The inner buttons would probably be used for video or something. Not quite sure why there would be two up and two down buttons. That straw/antennae thing is ridiculouse (voice recording for the entire room) huh, that thing looks like and old style metal antennae that used to be on those old radio players in the 80's that would telescope out. Maybe if you said it was for an XM reciever or something. But I have the smallest XM reciever in my car and it ways like 3lbs and is about 10x the size of my ipod.


----------



## ksv (Mar 14, 2003)

Get glasses people


----------



## moav (Mar 14, 2003)

Also, why is there smoke coming from his fingertips in image C,1


----------



## RPS (Mar 14, 2003)

I'm feeling like watching the movie "Agent Cody Banks" tonight.


----------



## wdw_ (Mar 14, 2003)

Thank you KSV and RPS. They got it.


----------



## RPS (Mar 14, 2003)

Ok, glad to be of help.


----------



## banjo_boy (Mar 14, 2003)

It's from the movie Agent Cody Banks, come on! That is the Frankie Muniz.

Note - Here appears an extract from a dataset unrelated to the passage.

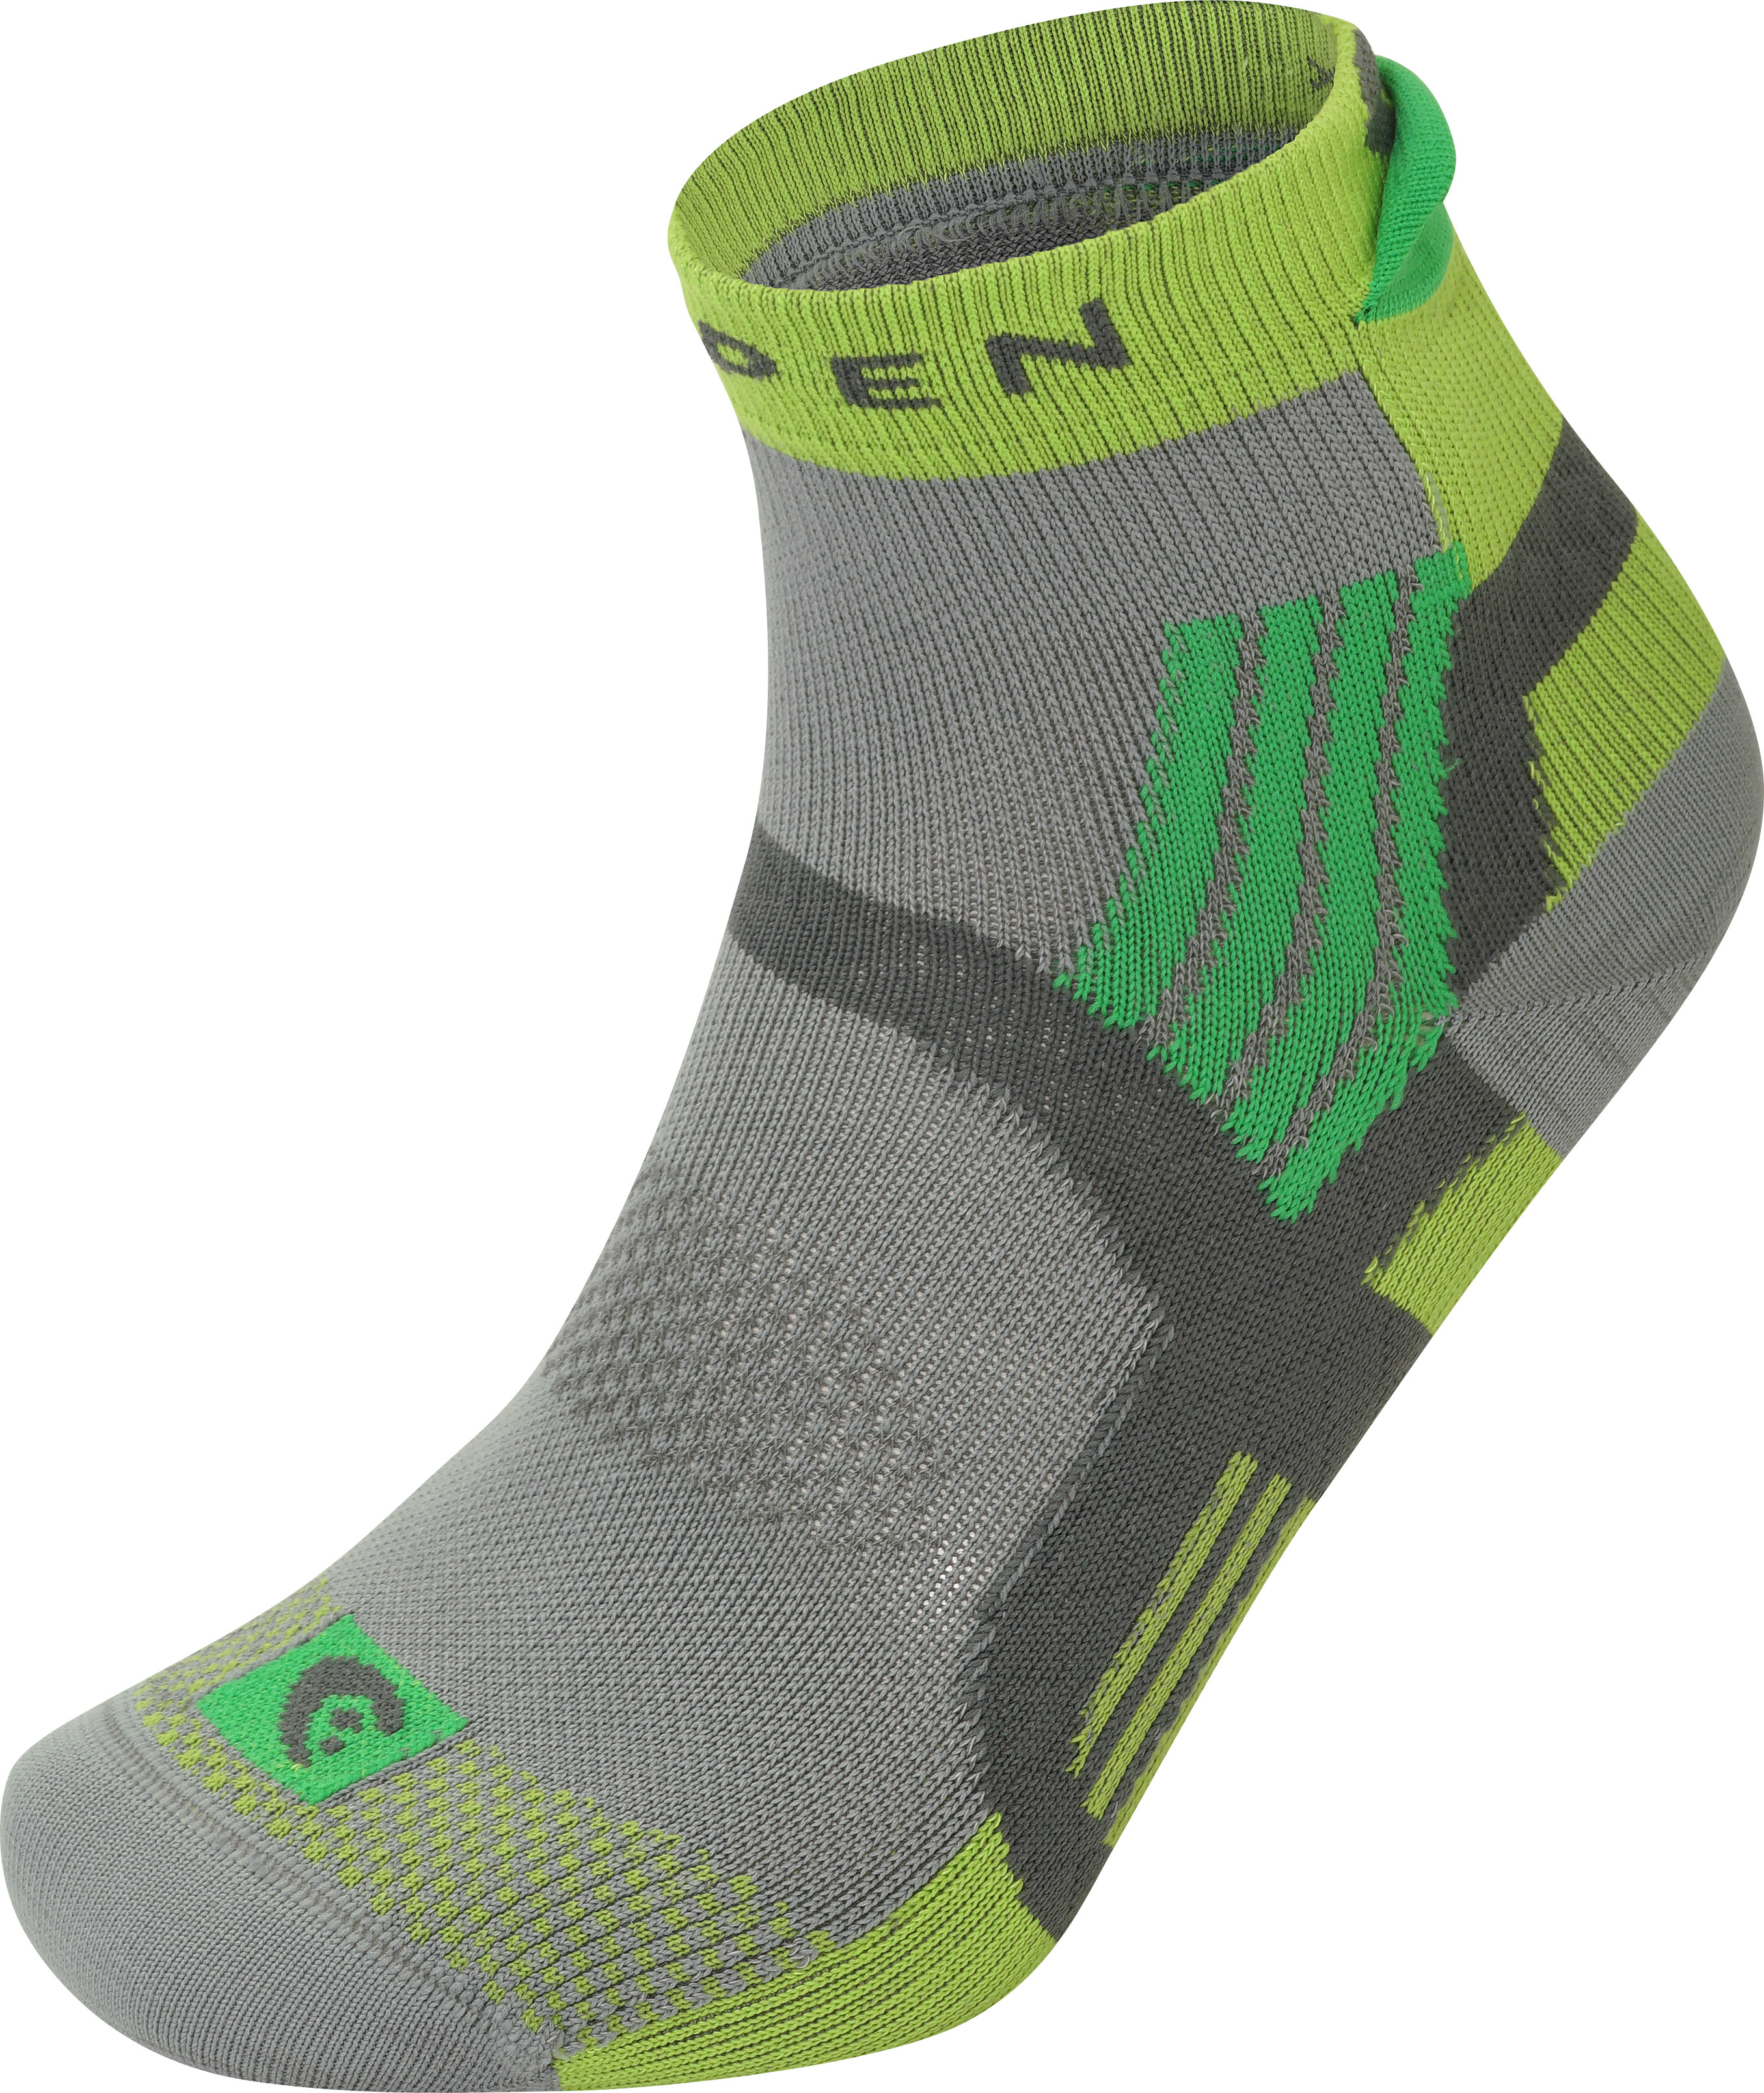 Smart socks from Lorpen for mountain running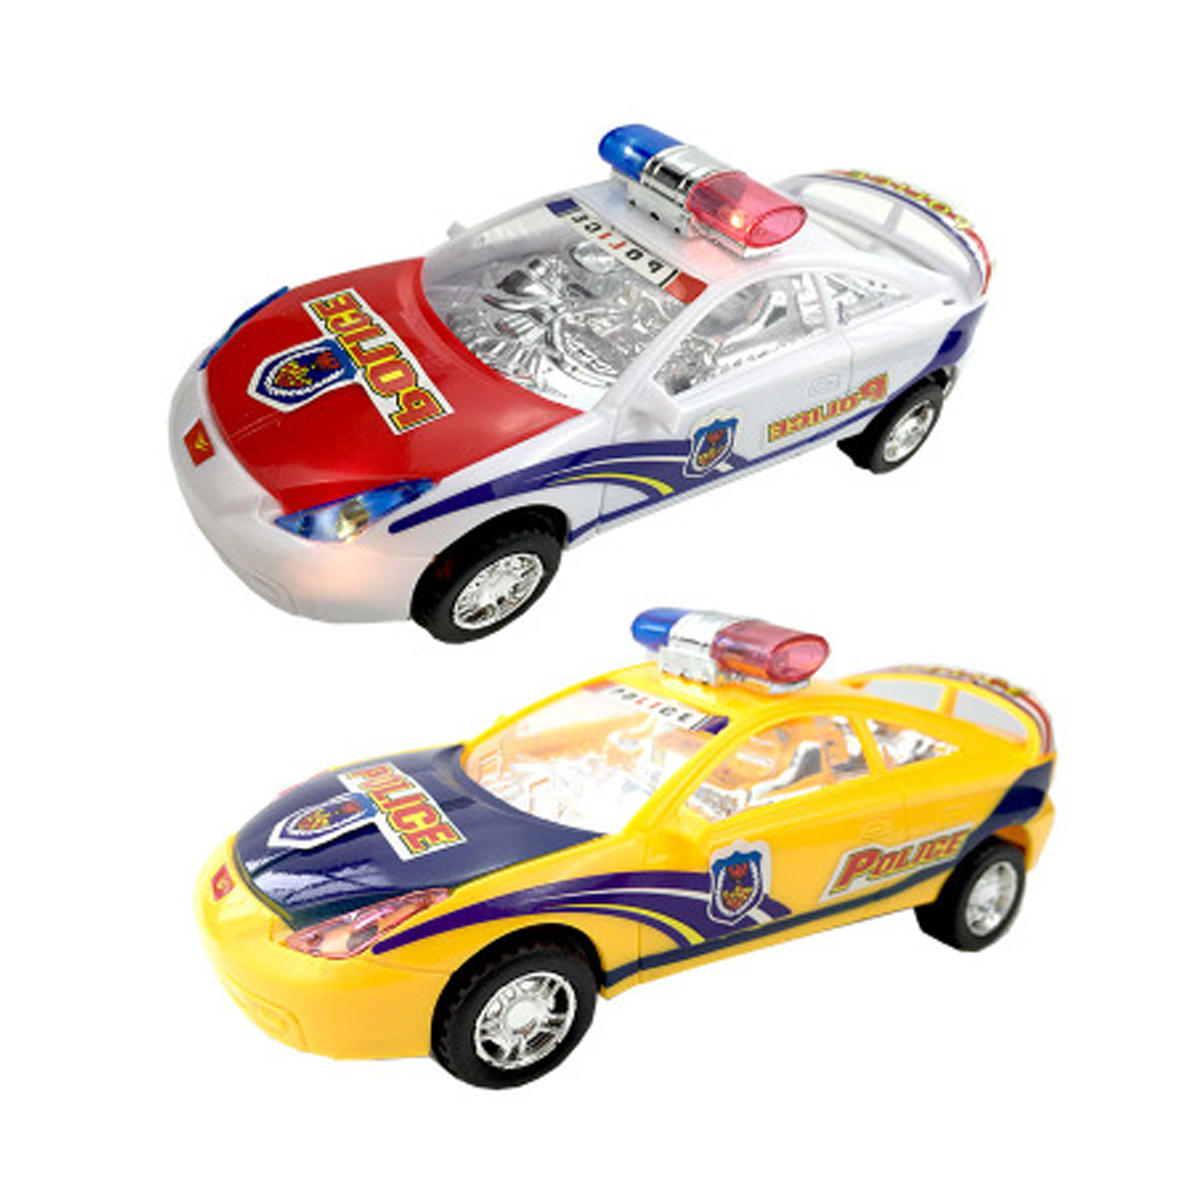 Children's Electric Alloy Simulation Po lice Car Diecast Model Toy with LED Light and Music

Check the pict. Look at the tie, mouth and nose.


----------



## wdw_ (Mar 14, 2003)

DING!! DING!! DING!! DING!! DING!! 

We have a winner... we have several winners!


----------



## Reality (Mar 14, 2003)

Oh my......only in that movie would this be done.


----------



## RPS (Mar 14, 2003)

You should've made the text brighter.


----------



## twister (Mar 14, 2003)

nice to see it getting exposure though!


----------



## wdw_ (Mar 14, 2003)

The movie is actually a lot better than the previews make it seem.


----------



## BlingBling 3k12 (Mar 14, 2003)

Didn't even need a mirror to read the text


----------



## Reality (Mar 14, 2003)

> _Originally posted by wdw_ _
> *The movie is actually a lot better than the previews make it seem. *



Hahah, it might be but I personally had my fill on these "kid" spy movies.


----------



## voice- (Mar 14, 2003)

> _Originally posted by Reality _
> *Hahah, it might be but I personally had my fill on these "kid" spy movies. *



Agreed. The last movie which should be allowed to have a kid as a star should have been Home Alone. After that, kid movies went straight down hill...same soup too, some kid gets lucky and saves the world, it's just that now they get new gadgets...BORING!


----------



## Reality (Mar 14, 2003)

I mean I guess Spy Kids was a fun twist for kids but after that there were these new "spy" kid cartoons and then the movie gets a sequel and even worse there as some new and obviously budgeted adult series relating to be secret agents. Now we have Cody Banks who works for the CIA? I think it's just they who craze that gets me.


----------



## JetwingX (Mar 14, 2003)

poor little iPod. It got butchered to death X.X


----------



## wdw_ (Mar 14, 2003)

Spy Kids 3 is in the works and it's rumored to be in 3D.


----------



## senne (Mar 15, 2003)

This is a joke. These are really images from the movie Agent Copy Banks


----------



## RPS (Mar 15, 2003)

You should win a prize. Heh you can't read, it's Co*d*y Banks.


----------